If you were civil and knew courtesy,

You would not do me thus much injury.

Can you not hate me, as I know you do,

But you must join in souls to mock me too?

If you were men, as men you are in show,

You would not use a gentle lady so;


A Midsummer Night's Dream

Act 5, Scene 1

PUCK

If we shadows have offended,

Think but this, and all is mended,

That you have but slumber'd here

Gentles, do not reprehend:

if you pardon, we will mend:

Else the Puck a liar call;

So, good night unto you all.

Give me your hands, if we be friends,

And Robin shall restore amends.


A Midsummer Night's Dream

Act 3, Scene 2

HERMIA

Puppet? why so? ay, that way goes the game.

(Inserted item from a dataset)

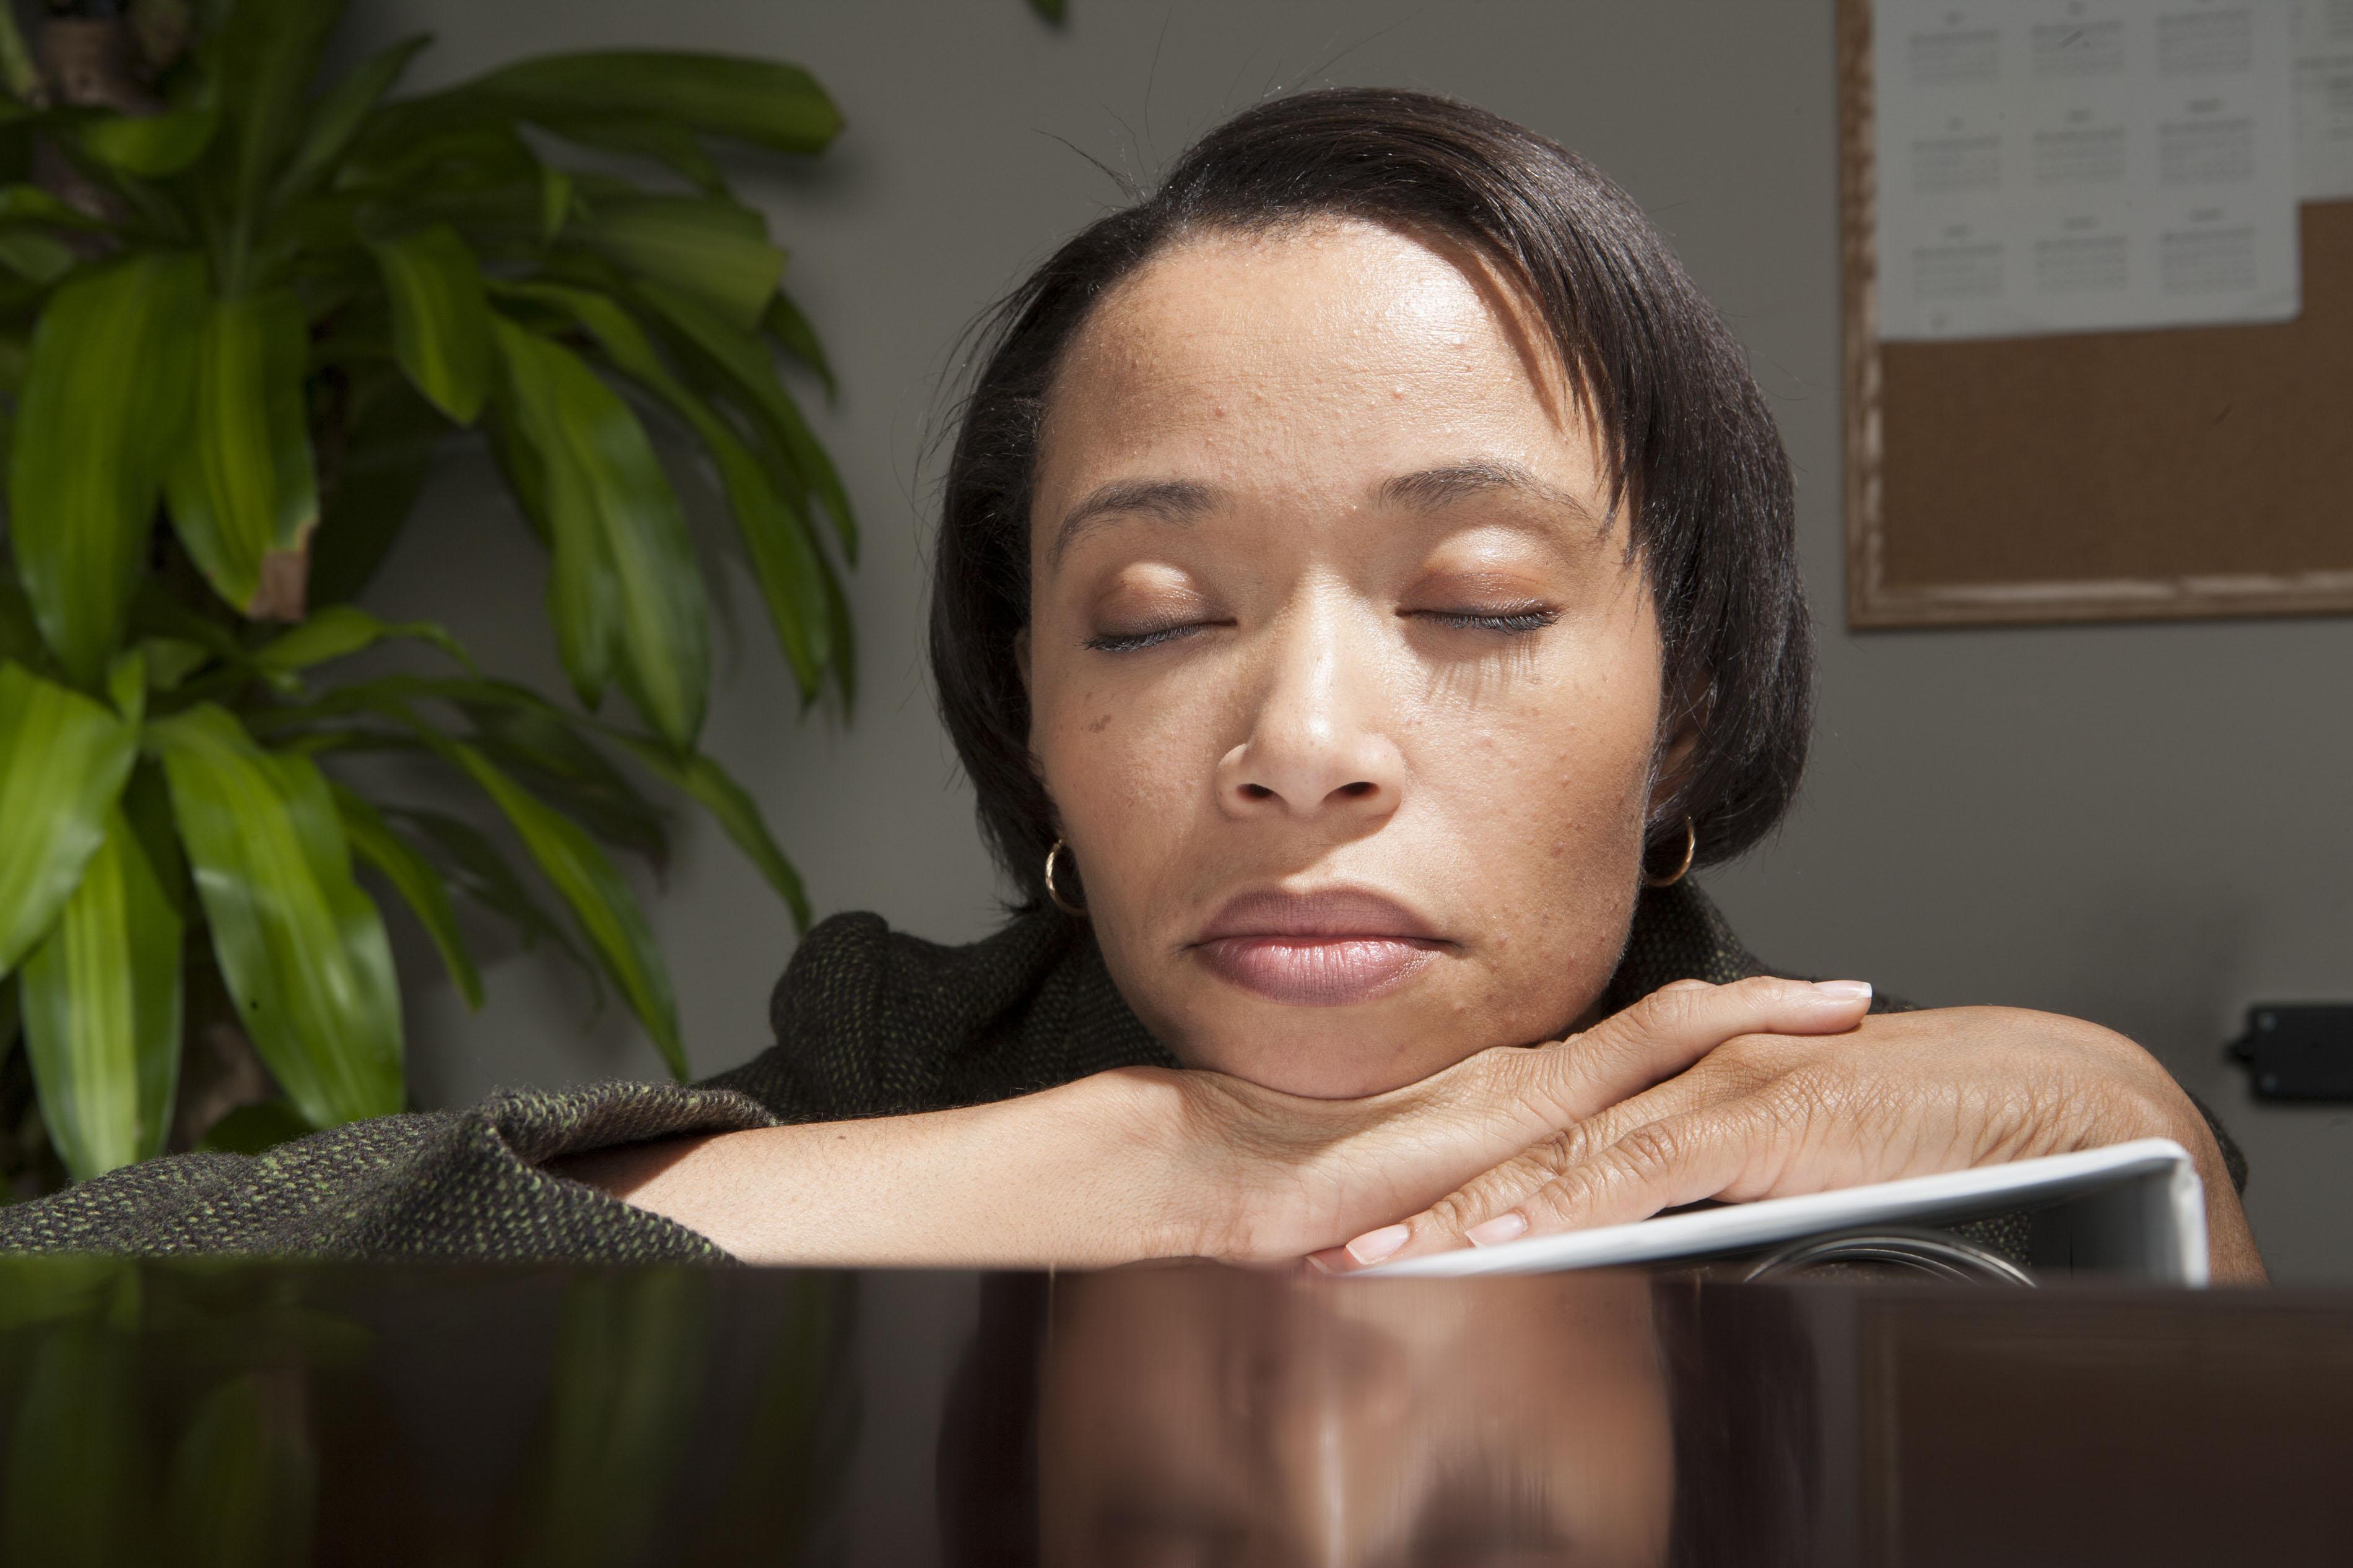 Menopause sleep deprivation
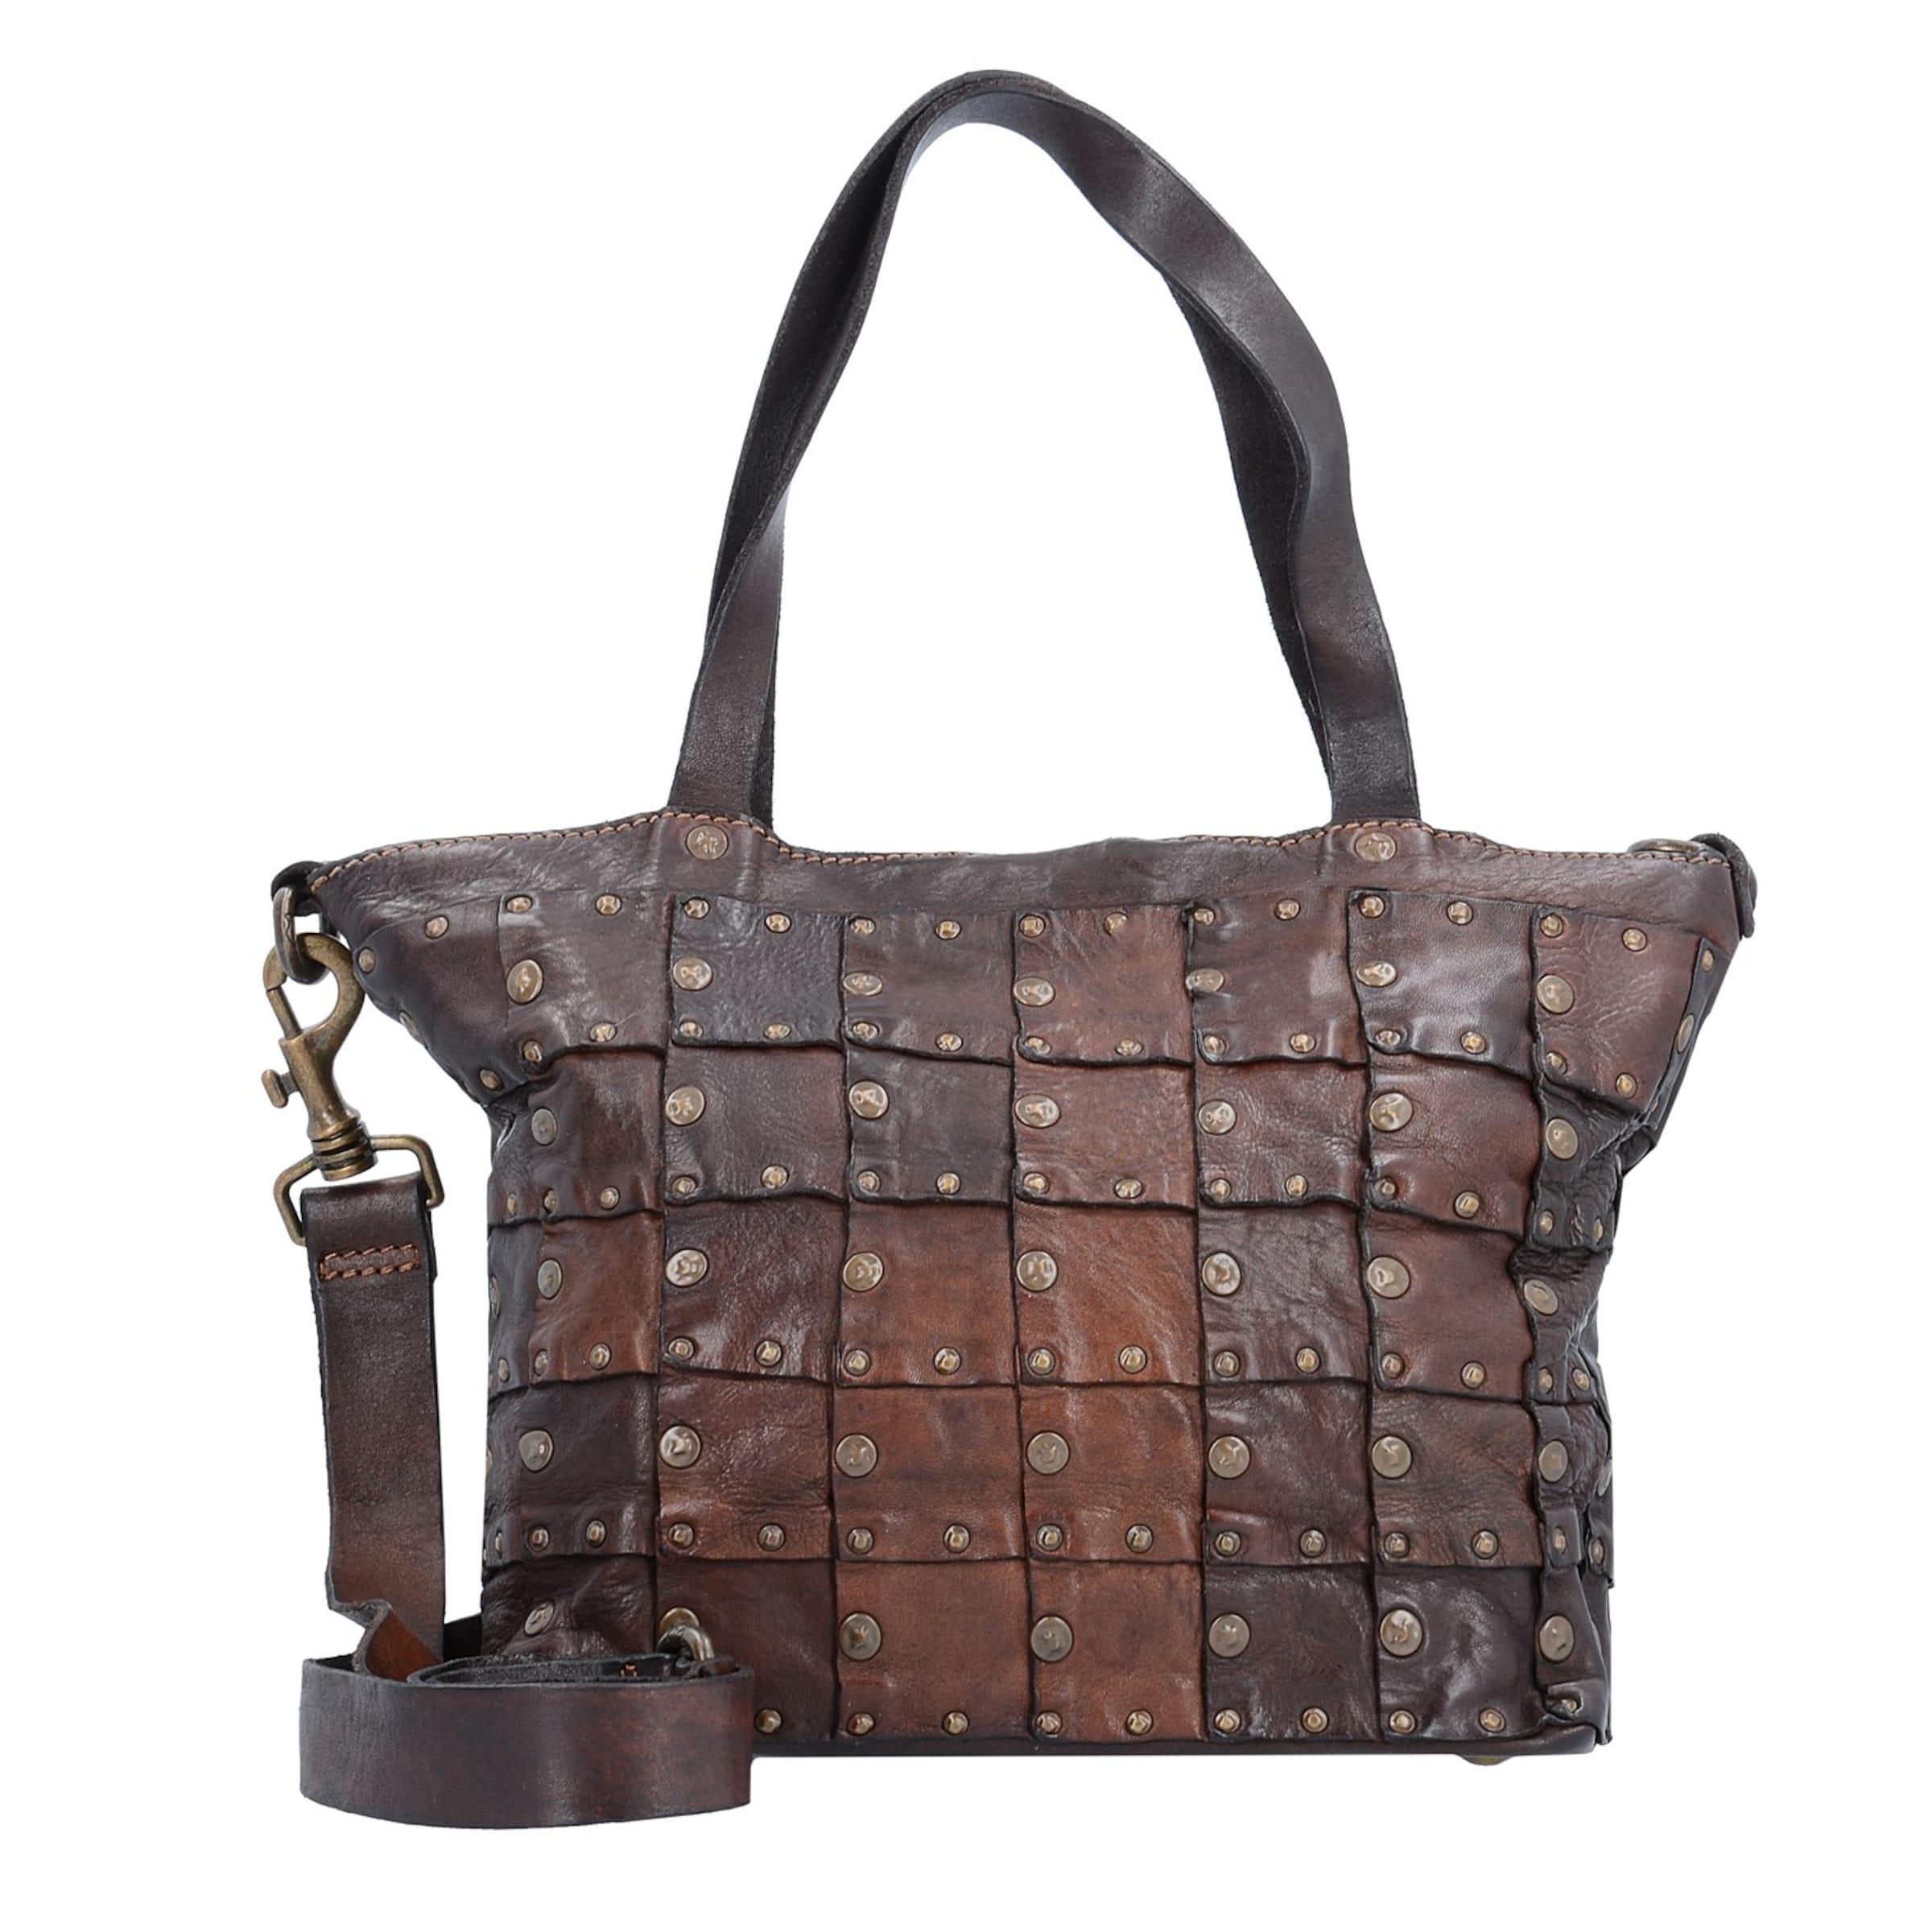 Online Shop Campomaggi Rivetti Vacch Handtasche Leder 26 cm Billig Verkauf 100% Garantiert Original zeTH9B

Now I perceive that she hath made compare

Between our statures; she hath urged her height;

And with her personage, her tall personage,

Her height, forsooth, she hath prevail'd with him.

And are you grown so high in his esteem;

Because I am so dwarfish and so low?

How low am I, thou painted maypole? speak;

How low am I? I am not yet so low

But that my nails can reach unto thine eyes.